The World Heritage Area of Gunung Mulu in Malaysian Borneo is a rich rain forest that is short in comfort – save for the Royal Mulu Resort – but big on creatures and caves.
The caves at Mulu National Park bring travellers from around the world, most notably for the famous bat exodus from Deer Cave.
When I was spending time in Mulu I had the pleasure of checking out Deer Dave, along with Langs, Clearwater and Cave of the Winds caves. Each one had it’s own appeal and unique characteristics. But first, my favourite…as with most people who visit, was Deer Cave.
This is a massive cave that boasts the largest cave entrance in the world! The walk into the cave is along a mountainside pathway, and you sort of come around a corner to the cave entrance, not getting to appreciate it’s full size until you’re inside it, looking back out. Cavernous is an appropriate word for Deer Cave.
The trail here is fun to walk along and spot odd formations from the carved out limestone cave, which once had a powerful river running through it. Your walk will take you to some cool spots in the cave like the Garden of Eden Pools.
It is also home to millions of bats that live high up above in the interior ceiling of the cave. There are also a ton of ugly critter like beetles and spiders, but you don’t really see them unless you shine your light into the darkness away from the footpaths. There is a viewing platform area way back down below that provides a panoramic view of the limestone mountain and cave entrance.

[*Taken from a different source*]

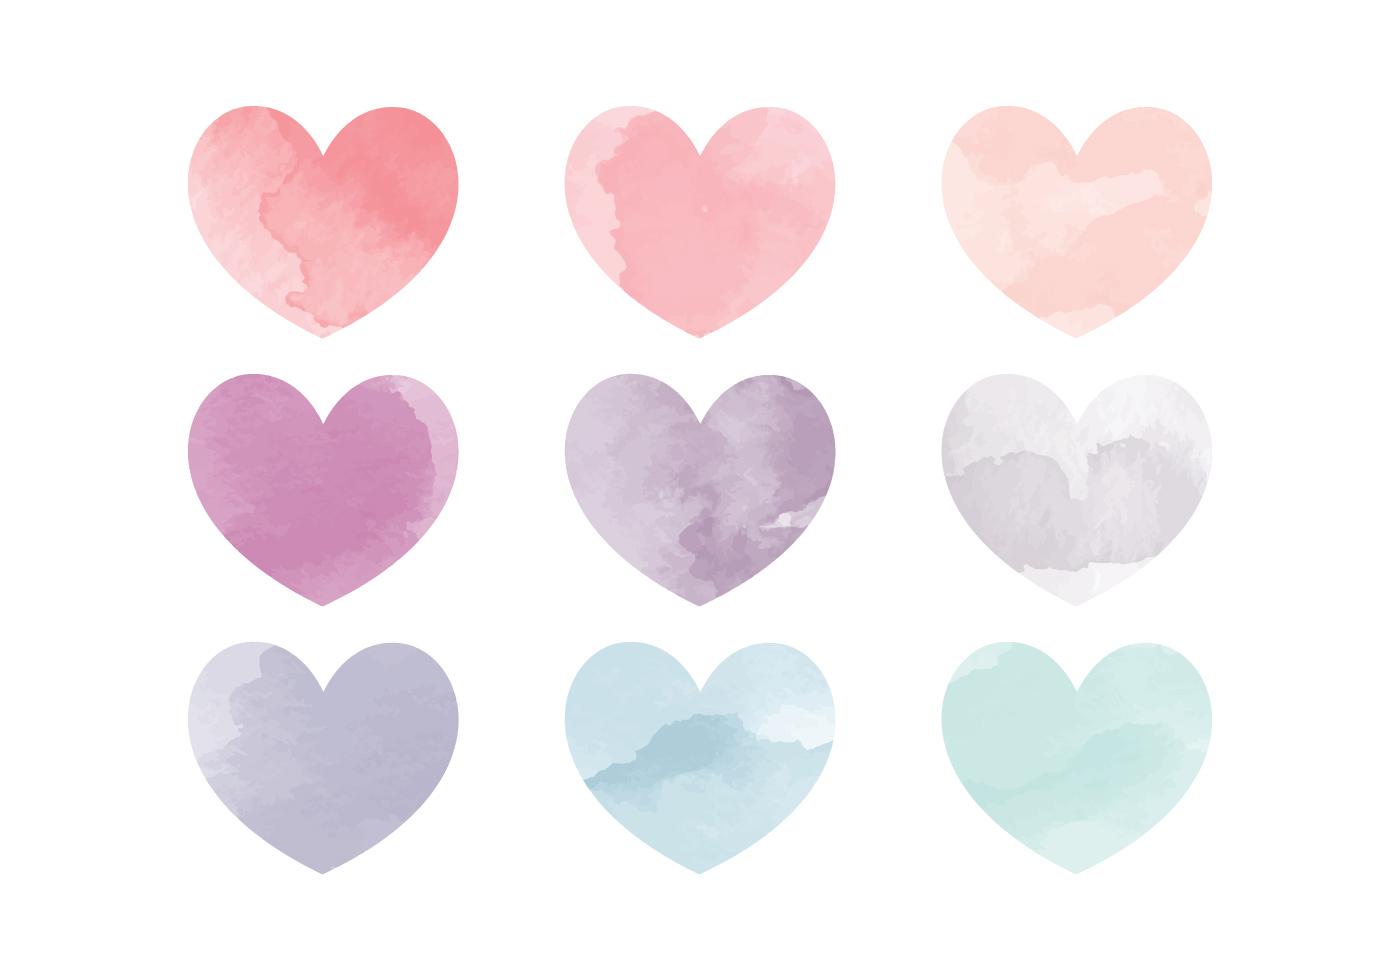 Vector Watercolor Hearts - Download Free Vector Art, Stock ...

People gather there around dusk to watch the millions of bats fly out of the cave.
A much smaller cave, Langs Cave has the most impressive entrance way. It’s like a huge mouth opened up and put this cave on display As with Deer Cave and any other caves you visit in Mulu, don’t forget to bring a headlamp / torch with you as it can get dark in some areas inside the cave.
Lots of stalactites and stalagmites are found in this cave, which isn’t far from the larger Deer Cave. As with all of the caves you’re allowed to explore, there is a smooth pathway of boardwalks, staircases and platforms built inside the cave to keep you from touching (destroying) the sometimes fragile environment.
Cave of the Winds
Located in a different, further away part of the park, getting to Cave of the Winds and Clearwater Cave is a fun hike. It’s not very strenuous, and you might spot butterflies, squirrels and other creatures along the 3.8km trail. Alternatively, you can take a longboat from the park headquarters early in the morning…but I’d suggest taking the hike at your own pace.

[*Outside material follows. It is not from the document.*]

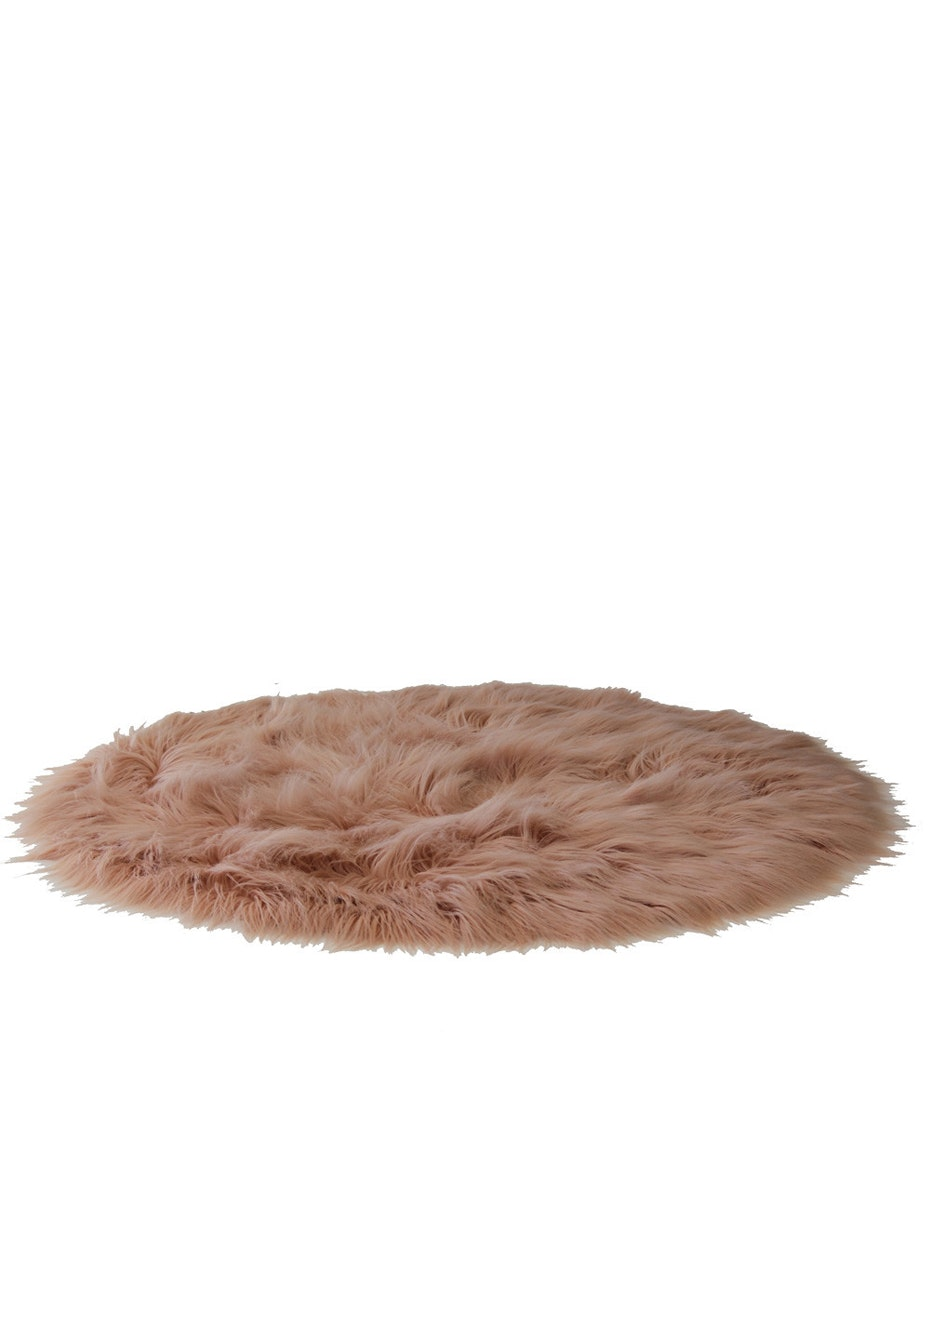 Me & My Trend - Blush Sheep Rug/Throw

At Cave of the Winds, you experience just that – a cool, windy cave. But also there are skylights high above the cave floor, allowing light to pierce through in sort of artistic fashion. When you’re not staring up in this cave, being impressed by it’s size, there are huge columns of calcite around in an area known as the King’s Chamber. Pretty cool stuff when you realize just how long it takes to create these structures!
With plenty of stalactites ‘dripping’ down from the edge of the mountain along the entrance of this cave, you can get some photos in better light here. I made the mistake of forgetting my tripod when exploring the caves, so almost all of my interior photos turned out blurry and unusable!
Clearwater Cave is your place to relax, after exploring it’s network of paths. There is a river here that goes on for more than 170km underneath these mountains winding through various caves! It exists the cave nearby and you can go for a picnic and swim here – something you’ll cherish after spending a few hours in the sweltering heat and humidity of Borneo!
Each cave at Mulu showcases different types of structures or features so it really is worth spending a whole day exploring them. If you have extra time you can delve even deeper into the caves by doing some adventure caving at Turtle Cave or Lagang Cave.